In the cell apoptosis assay, increasing TP concentrations resulted in an increase in the rates of apoptosis by 22.5 and 40% (all P-values <0.01, Fig. 3A). The percentage of cells in S phase increased to 35.9% (P>0.05) and 42.6% (P=0.03) compared with that in the control group at 27.1%, and the percentage of cells in G2/M decreased to 25.9% (P>0.05) and 19.8% (P=0.04) compared with that in the control group at 29.9% (Fig. 3B). In the mitochondrial membrane potential assay, increasing TP concentrations increased the percentage of cells with JC-1 monomers to 33.7 and 58.8% (all P-values <0.001, Fig. 3C).

Incubation with FITC labeled TP at 1.5 mg/ml for 24 h resulted in the entry of the peptide into the cells. The result showed that the TP was mainly concentrated in the cytoplasm and cell membrane, with a fraction detected in the nucleus (Fig. 4A).

In the TUNEL assay, increasing TP concentrations increased DNA cleavage during apoptosis. The results showed that the survival rate of the cells was reduced to 75% (P=0.011), 46.7% (P=0.009), and 23.5% (P=0.002) in response to increasing TP concentrations (Fig. 4B). These data provided direct evidence that the TP induced apoptosis.

Increasing TP concentrations resulted in the downregulation of Bcl-2 and Bcl-xl which are anti-apoptotic proteins of the Bcl-2 family. Downregulation of Bcl-2 or Bcl-xl affects mitochondrial function. Upregulation of Bax causes the release of cytochrome c through oligomerization from the cytosol to the mitochondrial outer membrane. Bim accelerates this process by inhibiting anti-apoptotic proteins such as Bcl-2 or Bcl-xl. The release of cytochrome c activates caspase-9, and cleaved caspase-9 further activates caspase-3. Finally PARP is cleaved into its active form resulting in DNA damage. Disruption of mitochondrial function by the intrinsic apoptosis pathway was observed. On the other hand, activation of caspase-8 is most likely associated with the stimulation of cell surface death receptors such as tumor necrosis factor receptors (TNF-R). Active caspase-8 directly cleaves caspase-3 to induce apoptosis. Furthermore, Bid is cleaved by active caspase-8 into tBid, which becomes an integral membrane protein in mitochondria and recruits Bax from the cytosol to the outer membrane, eventually causing the release of cytochrome c. The results showed that the TP induced apoptosis through the intrinsic and extrinsic pathways (Fig. 5).
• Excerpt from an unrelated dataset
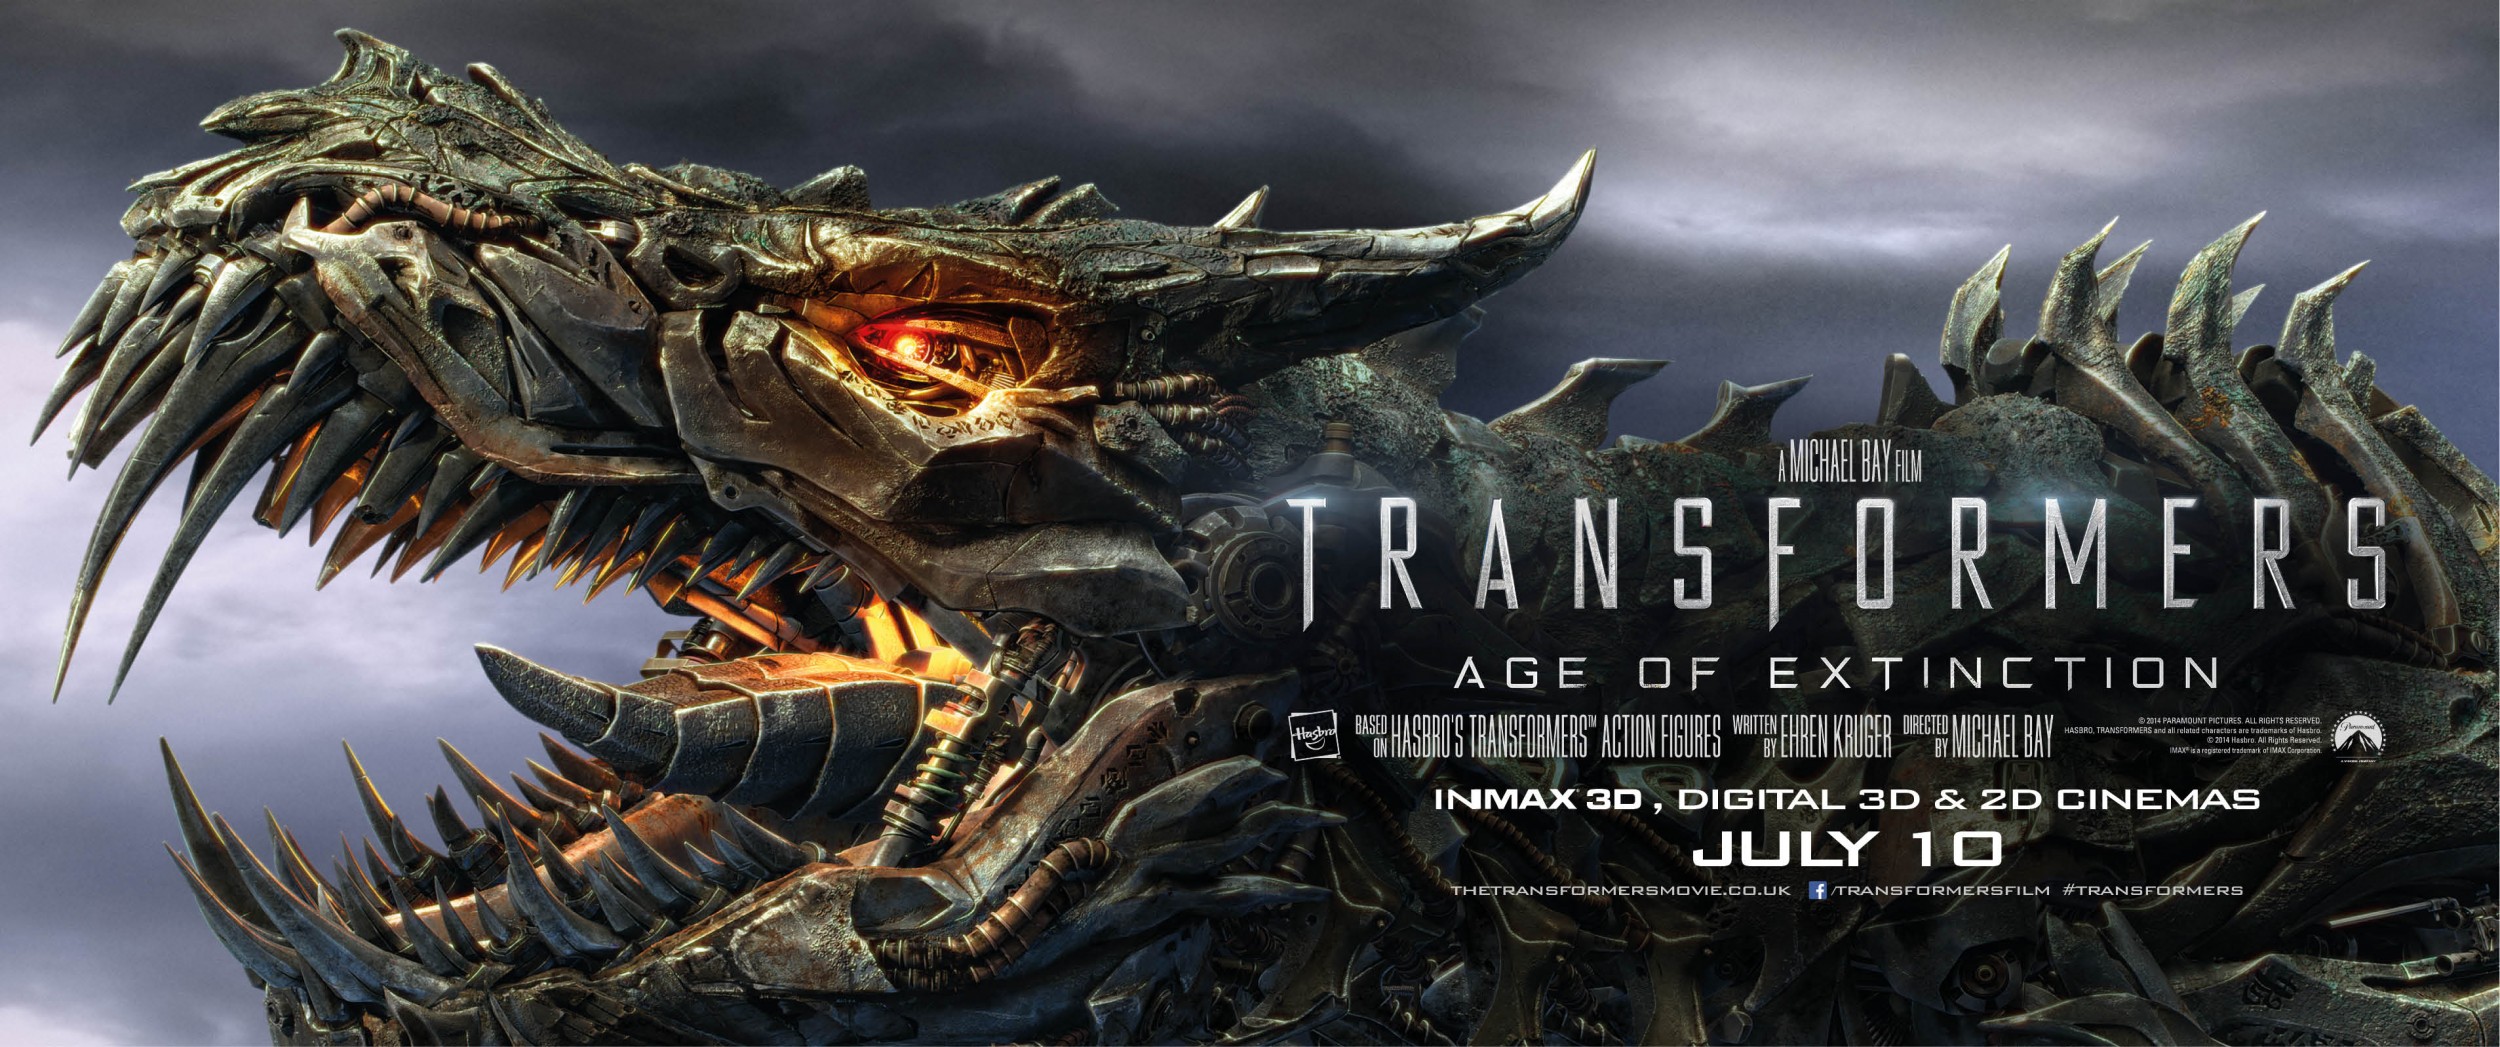 Mega Sized Movie Poster Image for Transformers: Age of Extinction (#11 of 22)

Tumor volume was measured every 7 days in a PBS control group and a TP-treated group (100 mg/kg by intraperitoneal injection once daily for 21 days). After 7 days, the tumors in the control group began to grow rapidly. Measurements at 14 days showed a significantly greater tumor volume in the control group than in the TP group (P=0.005) (Fig. 6A). Mice were sacrificed at the end of treatment after 21 days. Tumors were harvested, weighed and photographed. The results showed that the tumor volume (P=0.017) and weight (P=0.004) were reduced in the TP group (Fig. 6A-C). Tumors were fixed and embedded with paraffin, and the SP immunohistochemistry method was used to examine relative protein expression (Fig. 6D). Downregulation of PCNA and Ki67 in the TP group indicated the inhibition of tumor cell proliferation. Upregulation of Bax and downregulation of Bcl-2 probably enhanced the permeabilization of the mitochondrial membrane. The release of cytochrome c eventually induced apoptosis in the tumor.